Nobody talks about how hard it actually is to train for water polo properly. You're basically trying to be two different athletes at once.
I've been mulling this over since that killer dryland session earlier this week, and honestly, I don't think people outside the sport have any idea how strange the training demands really are.
You need a serious aerobic base,enough so that by February, you’re knocking out laps without even noticing. But then, you’ve also got to be strong enough to battle a 220-pound hole set who’s been doing this forever and isn’t giving up an inch. Those two needs? Totally different training plans. Figuring out how to build both, without one wrecking the other, is one of the toughest puzzles in sports if you ask me.
The athletes who get it right, at least from what I’ve seen, aren’t always the most naturally gifted. A lot of the time, they’re the ones who actually periodize their training. October looks nothing like February, and the week before a big tournament looks nothing like either. If you just hammer the same routine all year—heavy lifts, endless swim sets, repeat ,you end up stuck on a plateau or, worse, breaking down when the games really matter.

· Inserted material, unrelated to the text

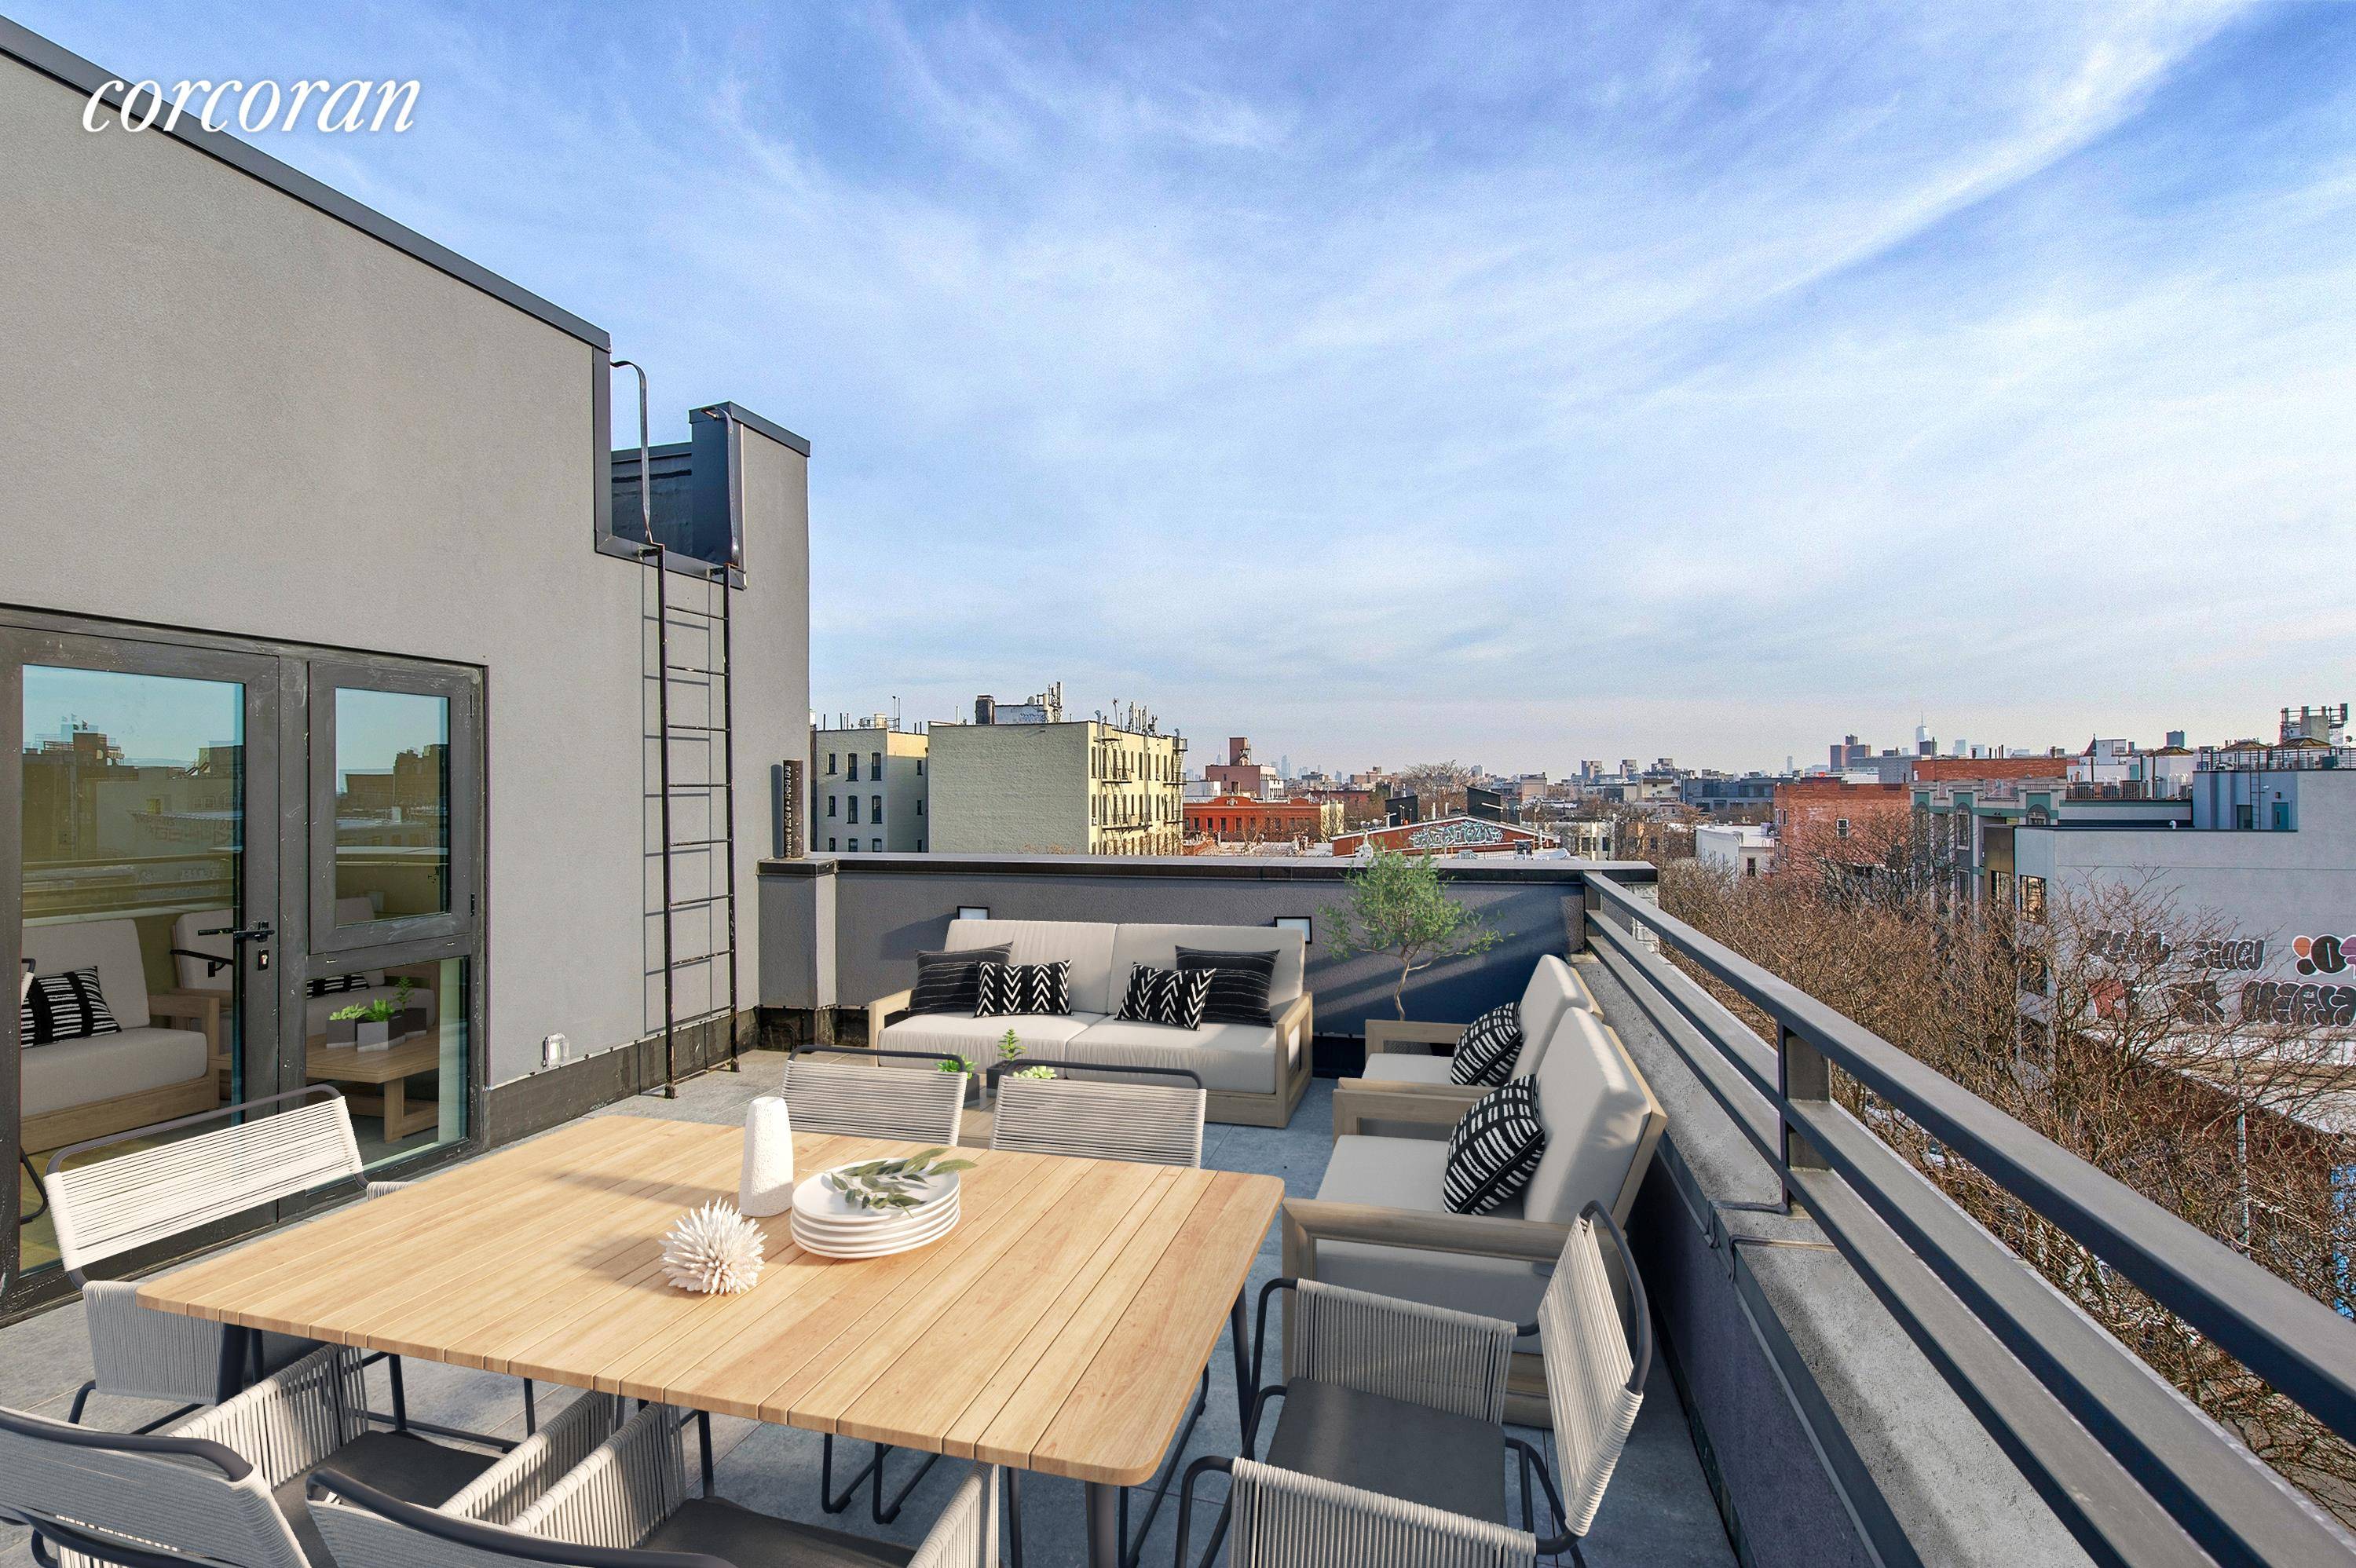 Welcome to 41 Goodwin Place, a brand new collection of 8 boutique condominiums located on a quiet street in Bushwick, Brooklyn.

And here’s the bit nobody talks about enough: recovery. Not just sleep or nutrition (though both definitely matter), but the whole package how much stress your body is handling from the pool, dryland, film study, tactical work, everything. The fastest improvers? They're not always the ones pushing hardest. They're just fresher, more often, than everyone else.
So I'm curious what’s the biggest training mistake you see players making, and how did you actually fix it?